From 1 August 2022, all centres started to receive an Annual Monitoring Review (AMR) which we hope will improve your experience of working with us. AMRs will take place each academic session between September and July, unless you’re a T Level provider (AMRs for T Level providers will take place between September to November).
We’ve introduced these reviews as a direct result of your feedback, as we understand that you currently spend a lot of time preparing generic information at every external quality assurance review. We hope that by removing these non-specific criteria from the external quality assurance review and covering this just once as part of an AMR, we’re able to reduce your administration and ultimately save you time.
Annual Monitoring Review (AMR) – what to expect and what it means for you
The focus of this review is to quality assure your management systems and administration, ensuring they remain compliant with our approval criteria. No learners will be sampled as part of this review, as this will be covered during our external quality assurance or moderation reviews.
Centres will be allocated a Quality Reviewer, who will conduct the AMR across all internally assessed qualifications. This means you only need to submit generic information around management systems and administration once a year.
Following the AMR, centres will receive a report from their Quality Reviewer and will be given an overall risk rating of low, medium or high, based on the evidence that was made available.

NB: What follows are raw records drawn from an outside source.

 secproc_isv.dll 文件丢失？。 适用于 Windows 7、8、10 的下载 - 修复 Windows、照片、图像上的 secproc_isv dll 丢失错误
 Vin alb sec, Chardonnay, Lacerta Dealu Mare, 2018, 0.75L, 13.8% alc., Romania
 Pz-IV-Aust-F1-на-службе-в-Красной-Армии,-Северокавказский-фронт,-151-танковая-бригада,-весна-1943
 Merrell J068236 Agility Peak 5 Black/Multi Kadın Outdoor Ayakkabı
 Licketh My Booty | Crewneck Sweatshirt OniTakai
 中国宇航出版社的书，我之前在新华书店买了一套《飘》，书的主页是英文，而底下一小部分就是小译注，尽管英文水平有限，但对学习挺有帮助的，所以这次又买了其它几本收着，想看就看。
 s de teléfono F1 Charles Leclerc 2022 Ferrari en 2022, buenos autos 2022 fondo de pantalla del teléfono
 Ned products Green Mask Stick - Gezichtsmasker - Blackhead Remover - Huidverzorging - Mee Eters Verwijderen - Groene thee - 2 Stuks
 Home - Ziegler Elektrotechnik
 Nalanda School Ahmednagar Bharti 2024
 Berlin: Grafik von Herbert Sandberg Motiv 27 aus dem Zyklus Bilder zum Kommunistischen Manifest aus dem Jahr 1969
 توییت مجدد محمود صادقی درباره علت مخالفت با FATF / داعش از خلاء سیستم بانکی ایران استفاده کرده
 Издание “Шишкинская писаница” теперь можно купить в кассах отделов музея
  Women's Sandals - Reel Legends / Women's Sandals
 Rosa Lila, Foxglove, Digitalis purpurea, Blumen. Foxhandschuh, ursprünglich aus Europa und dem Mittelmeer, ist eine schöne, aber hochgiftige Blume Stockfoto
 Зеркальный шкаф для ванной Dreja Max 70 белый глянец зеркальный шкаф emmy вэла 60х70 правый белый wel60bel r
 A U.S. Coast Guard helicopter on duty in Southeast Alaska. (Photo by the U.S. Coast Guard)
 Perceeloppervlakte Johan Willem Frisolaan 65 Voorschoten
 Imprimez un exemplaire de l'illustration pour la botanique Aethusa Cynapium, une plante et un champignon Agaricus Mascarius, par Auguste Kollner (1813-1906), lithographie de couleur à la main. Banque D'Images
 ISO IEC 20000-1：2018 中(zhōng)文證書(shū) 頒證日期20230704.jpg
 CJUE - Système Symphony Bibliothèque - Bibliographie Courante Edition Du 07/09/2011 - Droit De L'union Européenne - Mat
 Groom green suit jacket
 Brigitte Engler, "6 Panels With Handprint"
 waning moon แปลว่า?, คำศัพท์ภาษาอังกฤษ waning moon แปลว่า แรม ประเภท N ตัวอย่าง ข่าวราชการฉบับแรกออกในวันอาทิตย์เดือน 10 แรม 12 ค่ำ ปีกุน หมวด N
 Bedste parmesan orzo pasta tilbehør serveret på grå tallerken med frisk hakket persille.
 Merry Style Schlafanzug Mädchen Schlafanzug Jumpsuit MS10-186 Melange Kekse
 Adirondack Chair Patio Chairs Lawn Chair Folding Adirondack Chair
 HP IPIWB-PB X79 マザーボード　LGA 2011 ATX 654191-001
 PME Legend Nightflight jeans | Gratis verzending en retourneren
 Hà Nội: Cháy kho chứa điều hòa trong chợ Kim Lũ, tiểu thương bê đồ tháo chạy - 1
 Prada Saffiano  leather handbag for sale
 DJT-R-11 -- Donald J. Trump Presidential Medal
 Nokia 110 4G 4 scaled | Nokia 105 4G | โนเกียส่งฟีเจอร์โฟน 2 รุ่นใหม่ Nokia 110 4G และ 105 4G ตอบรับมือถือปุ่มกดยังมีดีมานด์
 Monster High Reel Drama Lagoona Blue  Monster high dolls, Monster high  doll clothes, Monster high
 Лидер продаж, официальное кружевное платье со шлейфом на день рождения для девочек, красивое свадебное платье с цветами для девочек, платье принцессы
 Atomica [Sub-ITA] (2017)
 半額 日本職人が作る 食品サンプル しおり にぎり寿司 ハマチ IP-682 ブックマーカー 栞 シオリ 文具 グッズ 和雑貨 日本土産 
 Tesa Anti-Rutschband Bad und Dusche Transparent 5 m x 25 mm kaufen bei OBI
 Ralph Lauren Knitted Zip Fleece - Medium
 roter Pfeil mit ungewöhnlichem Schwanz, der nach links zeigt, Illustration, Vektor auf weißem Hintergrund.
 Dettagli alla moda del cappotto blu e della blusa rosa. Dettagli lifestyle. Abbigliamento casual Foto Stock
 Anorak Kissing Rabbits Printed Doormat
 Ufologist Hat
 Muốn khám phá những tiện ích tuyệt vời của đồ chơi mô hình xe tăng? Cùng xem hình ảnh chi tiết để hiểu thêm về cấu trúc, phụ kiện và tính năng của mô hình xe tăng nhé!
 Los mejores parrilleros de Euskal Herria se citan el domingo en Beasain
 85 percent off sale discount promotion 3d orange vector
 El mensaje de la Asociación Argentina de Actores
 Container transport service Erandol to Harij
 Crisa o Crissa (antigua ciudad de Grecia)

Any actions for centres with a low or medium risk status will be checked at their next review during the following session. Actions for centres with a high risk status will be reviewed during an interim review before the end of the academic year.
The criteria used to determine this status is outlined in our User Guide to the Annual Monitoring Report.
Please note: This will not impact your Direct Claim Status (DCS) if you currently hold this. Also, you’ll still receive up to two external quality assurance reviews per group per session. These EQA reviews will focus solely on assessment and internal quality assurance sampling (rather than generic information covered under management systems and administrative arrangements / resources).
How will this affect current T Level providers?
If you’re a T Level provider, you may see a change in your allocated Quality Reviewer and there may be a change to your planned AMR date. Also, the contact for the AMR is changing to the Head of Centre rather than the Programme Contact for Technical Qualifications, to ensure all qualifications are covered as part of the review. Our Allocations team will be in touch if there are any changes and will confirm who your new Quality Reviewer is via email.
Every effort will be made to accommodate existing dates that are planned in – but if this isn’t possible, your Quality Reviewer will work with you to find a suitable alternative.